Fate is always on the winning side. As day advanced and the troops were all now fairly within the ravine, the heavens opened in streams of torrential rain. The Black Forest seemed to groan with impending doom: old Thor and Odin seemed fighting for their altars in the Druid wood, and Roman Jove was no match for this grim Teutonic Thor.
Arminius watched from the height; and just as the vanguard rounded the curve at the summit of which rose the barricade of trees, the signal for general assault all along the line arose clear and decisive from the height.
The slaughter was appalling. The bulk of the infantry, fourteen thousand men, were slain; while the cavalry which at first had numbered about eighteen hundred horsemen, partly Romans partly provincial, made here its last dread stand against the foe and—lost.
Numonius Vola, a Roman cavalry officer, seeing the utter uselessness of the attempt to continue the unfair strife, made a bold dash for deliverance. At the head of a small force, he turned away from the floundering mass of horses and men and plunged into the unknown forest. He was, however, soon surrounded by the Germans, and he and his soldiers were cut to pieces.
A brave band of Romans, last of that death-devoted multitude of men, gained a point of vantage on a hill slope and arranging themselves in a solid circle presented to the foe an almost impenetrable line of glittering points of spears. The Germans, tho’ outnumbering them a hundred to one, yet quailed before that steely welcome. Perhaps, too, being themselves brave men, they were in awe and admiration of that heroic despair; perhaps, being perfectly sure of their prey, they were loth to break the savage satisfaction of gloating upon its desperation; perhaps no Arnold Winkelreid opportunely came forth to offer himself in sacrifice upon those outstretched points and so wedge open the way; perhaps, and O most dread truth-perhaps! those wild children of the Druid wood saw safely entrenched behind that helpless steel—worthy victims for Odin. And thus the night passed—that awful last night upon earth for the last of the legions of Varus.

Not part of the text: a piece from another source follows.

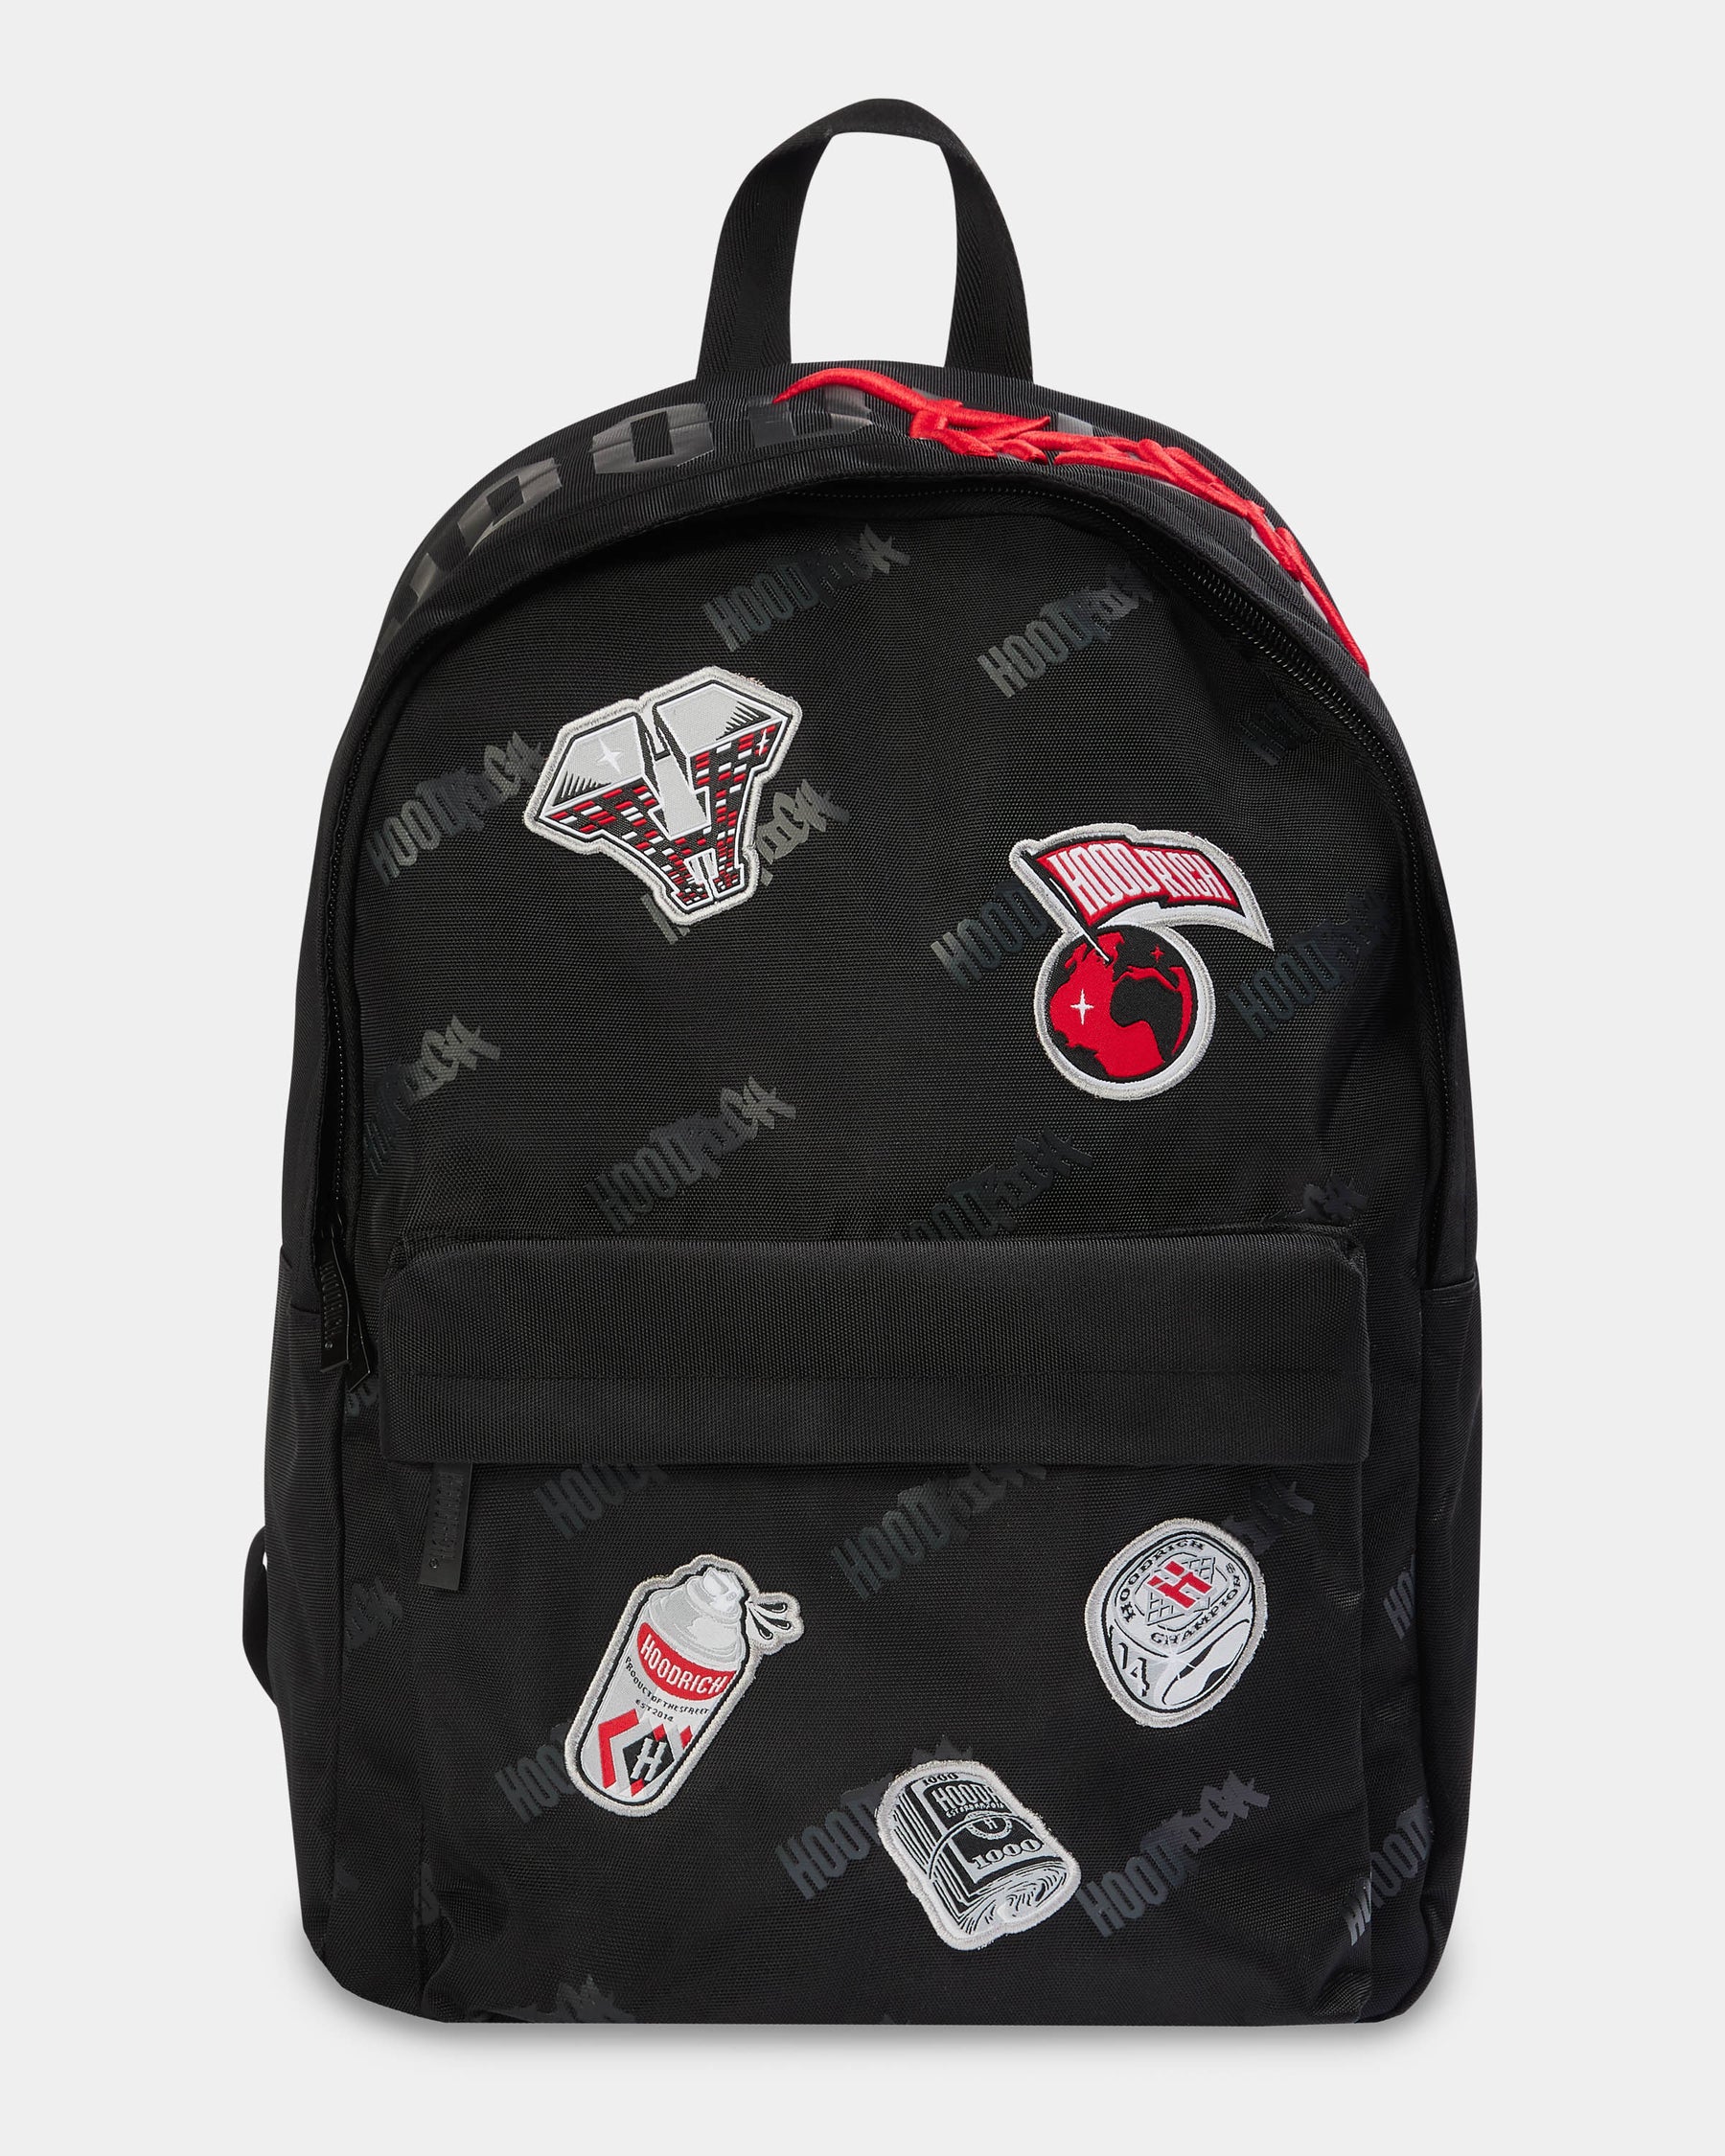 Honor Backpack - Black/Red/White

There is an open space on the flat top of an overhanging rock, darkly terrible even today and still the favorite haunt of century old oaks: and this place tradition points out as the spot upon which human sacrifices were of old offered to Thor and to Odin. And thither the blue eyed barbarians dragged those Roman soldiers, bravest of the brave, who had stood entrenched behind their helpless steel until exhaustion overcame them and who at last overpowered by sheer force of numbers, had been taken alive by the implacable foe and dragged to the altar of sacrifice.

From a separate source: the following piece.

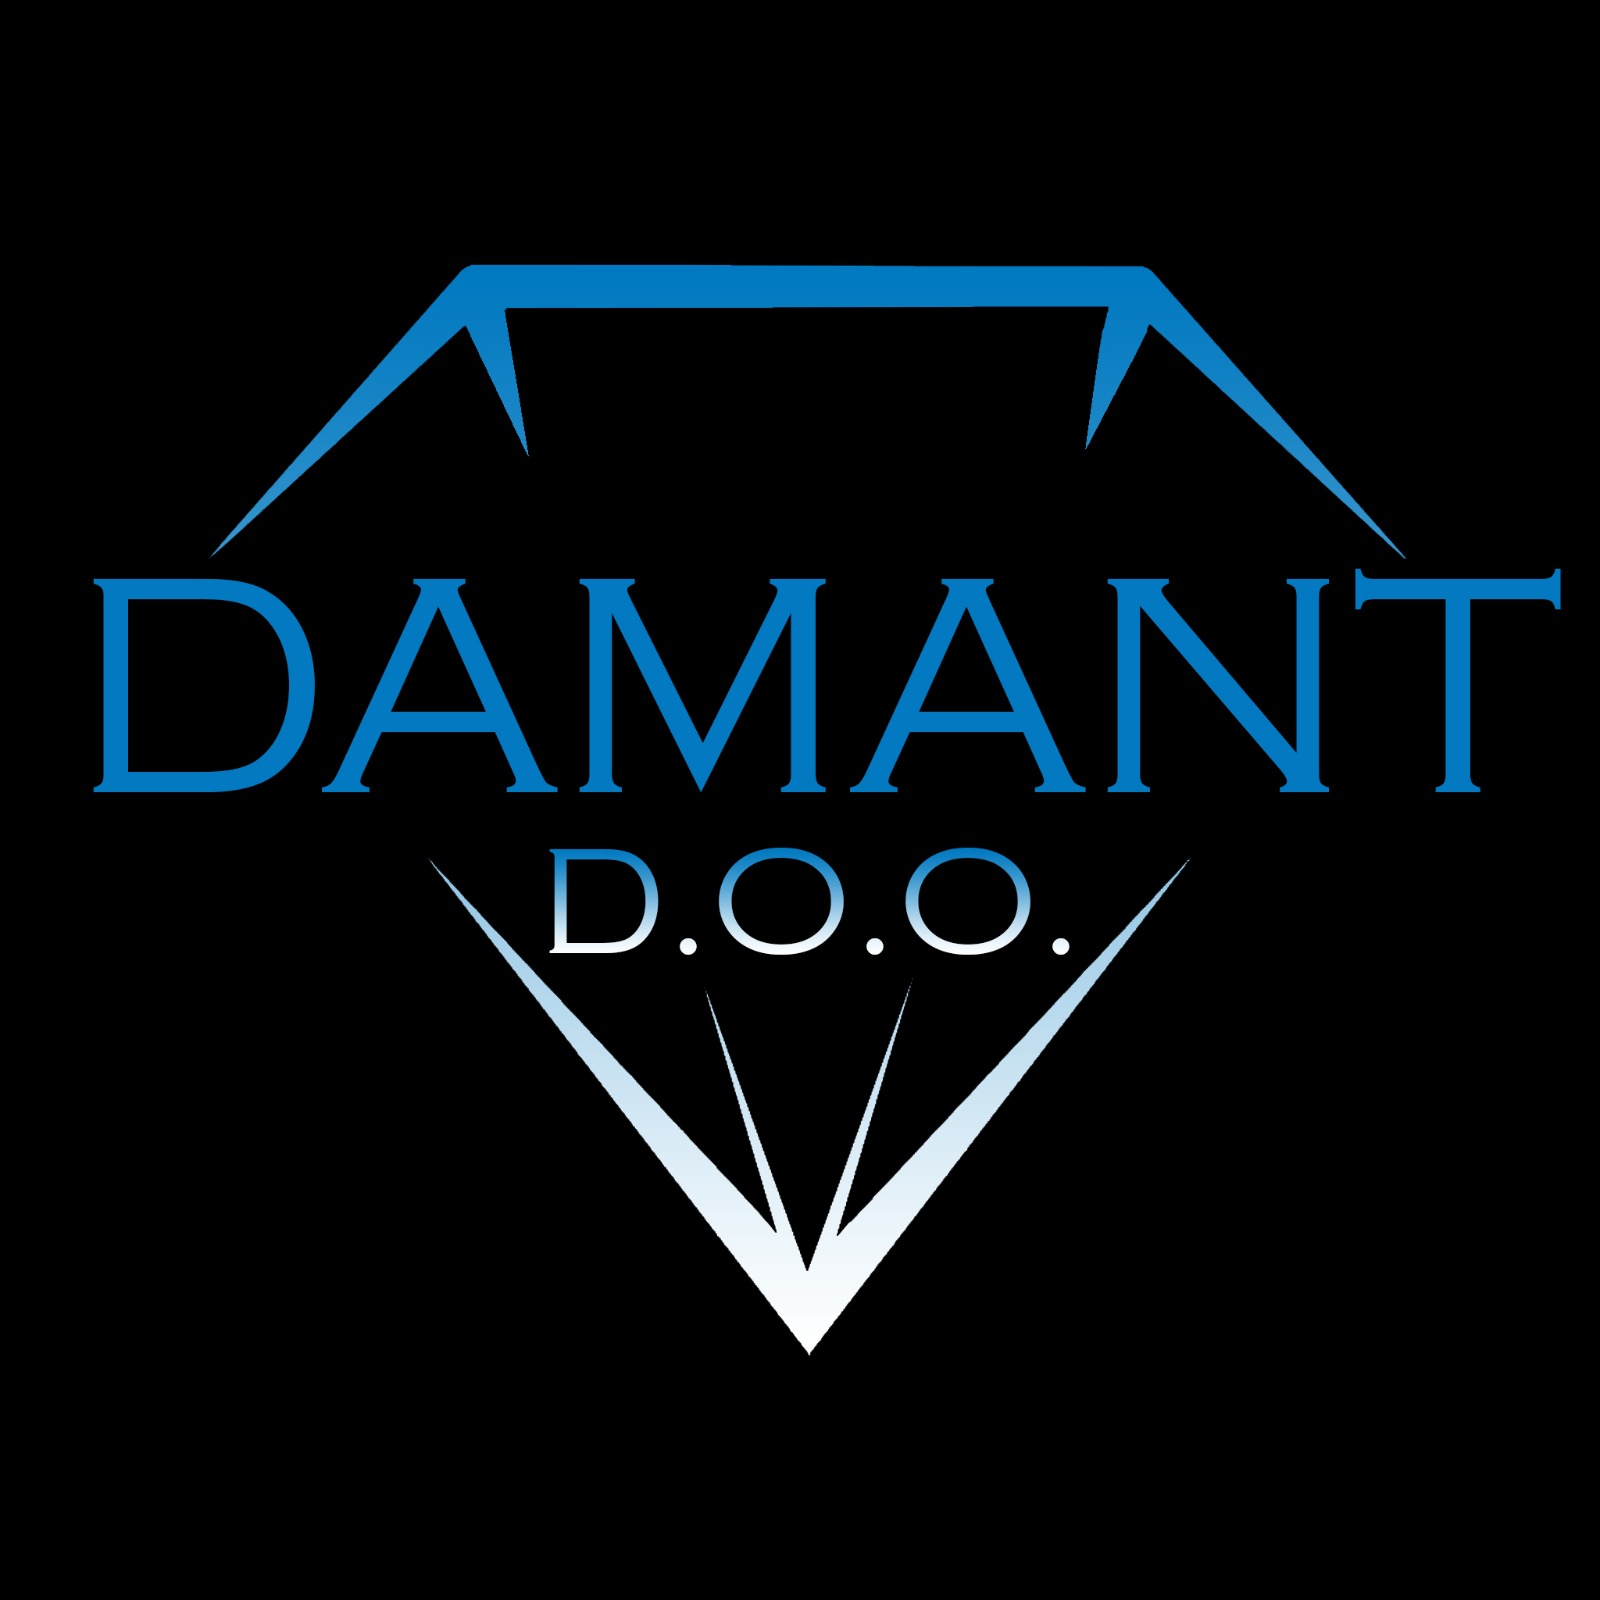 DAMANT D.O.O.

Strange indeed is that delusion, so often inextricably assimilable with religious fanaticism, wherein a man makes himself believe that he honors or placates Deity by immolating thereto his own enemy! Truly the human-heart god is the deification of its own desires. And that God-man upon the Cross who is essentially the everlasting antithesis of the desires of the human heart is not of man. We can understand Jove and Juno and Mars and Venus and even Odin and Thor—they are ourselves only more so: not so the Christ crucified on Calvary.